Валентина. При чем тут я? Тебе не меня нужно бояться. Если ты до сих пор этого не поняла, тебе нужно посмотреть в глаза своей совести — твоим детям.

Софья. Ты считаешь, я не думаю о них? Мама, это так тяжело! Но у меня есть право на собственную жизнь.


Валентина отворачивается с улыбкой.


Валентина. Ах, право!

Софья. Не сомневаюсь, что огромным усилием воли наш брак можно было бы спасти. Если очень постараться, то мы могли бы вместе дожить до старости. Но я помню, ты как-то раз сказала: на свете нет ничего такого, чего стоило бы добиваться усилием воли.

Валентина. Это я так сказала?


Софья смотрит на нее, затем отходит, качая головой.


Софья. И все равно, это было бы ошибкой. В конце концов, существуют же какие-то принципы.

Валентина. Вот как?

Софья. Да!

Валентина. Ты все еще веришь в принципы?

Софья. Конечно. А как же иначе? Ведь каждый человек имеет право свободно строить свою личную жизнь, как захочет.


Валентина удивленно поднимает брови.


Валентина. Господи, какие у тебя удобные принципы!

Софья. Извини, мама, но я действительно в это верю.

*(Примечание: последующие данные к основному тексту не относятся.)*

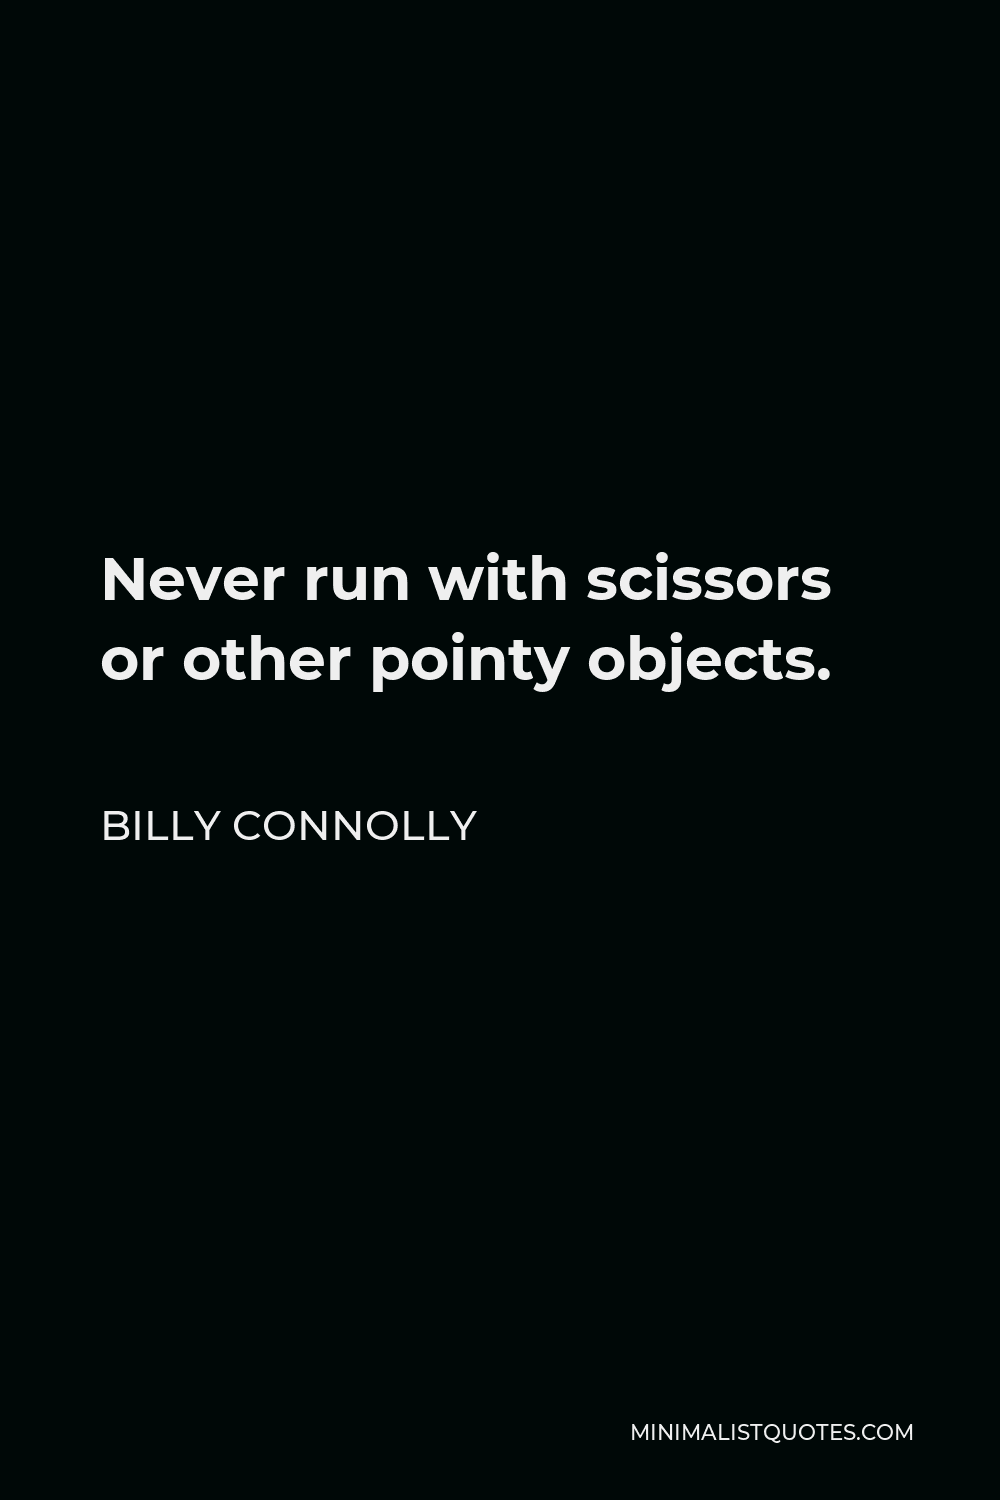 Billy Connolly Quote - Never run with scissors or other pointy objects.

Валентина. До чего же удобно! Просто не верится. Принципы! Которые по чистой случайности совпадают именно с тем, чего ты так страстно желаешь. Какое везение! Лучше и быть не может. Ну, давай, уходи к этому мужчине. И назови это «правом на личную жизнь». «Я должна быть сама собой, я должна делать то, что мне хочется»… (Улыбается). Я все это уже слышала раньше. На бульварах. В кафе. Там, в Париже. Эти слова у меня ассоциируются с оцинкованными столиками и шипением пива в кружках. И все вокруг толковали о своих правах. «Я должна иметь возможность реализовать себя». Но я иначе это называла: это были не принципы, а обычный эгоизм.

Софья. Мама, ну как ты можешь мне такое говорить?

Валентина. Очень просто. Мужчины — друзья твоего отца — говорили мне эти самые слова, притом много раз. Когда я узнала, что беременна, они говорили: «Избавься от ребенка. Подумай о себе, у тебя должна быть личная жизнь. А ребенок станет обузой. Ты имеешь право на счастье. Продолжай заниматься живописью и реализуй свой талант!» Так что самим фактом своего существования ты обязана тому, что я не сделала выбор в пользу моей «личной жизни».

Софья. Да, но это другое дело…

Валентина. Совсем не другое. Просто я тогда решила вести себя по-взрослому. Приносить жертвы, делать то, что нужно, отдавать себя другим, порой напрочь забывать о себе, иногда быть жесткой — да-да, вот как сейчас я вынуждена быть жесткой с тобой…

Софья. До чего же ты любишь эту свою «жесткость»! Послушать тебя, так это самое главное человеческое качество.


Валентина отворачивается, но Софья не отступает.


По крайней мере, здесь моей вины нет. Сама виновата. Ты любишь ответственность? Вот она, пожалуйста. Ты разрушила свою жизнь собственными руками. Никого не спросившись. (Она отворачивается). И я не позволю, чтобы ты и мою жизнь исковеркала.


В открытых дверях появился Петр Линьков. Ему за 60; он лыс, одет в простой синий плащ, в руках держит шляпу. Он стоит с извиняющимся видом.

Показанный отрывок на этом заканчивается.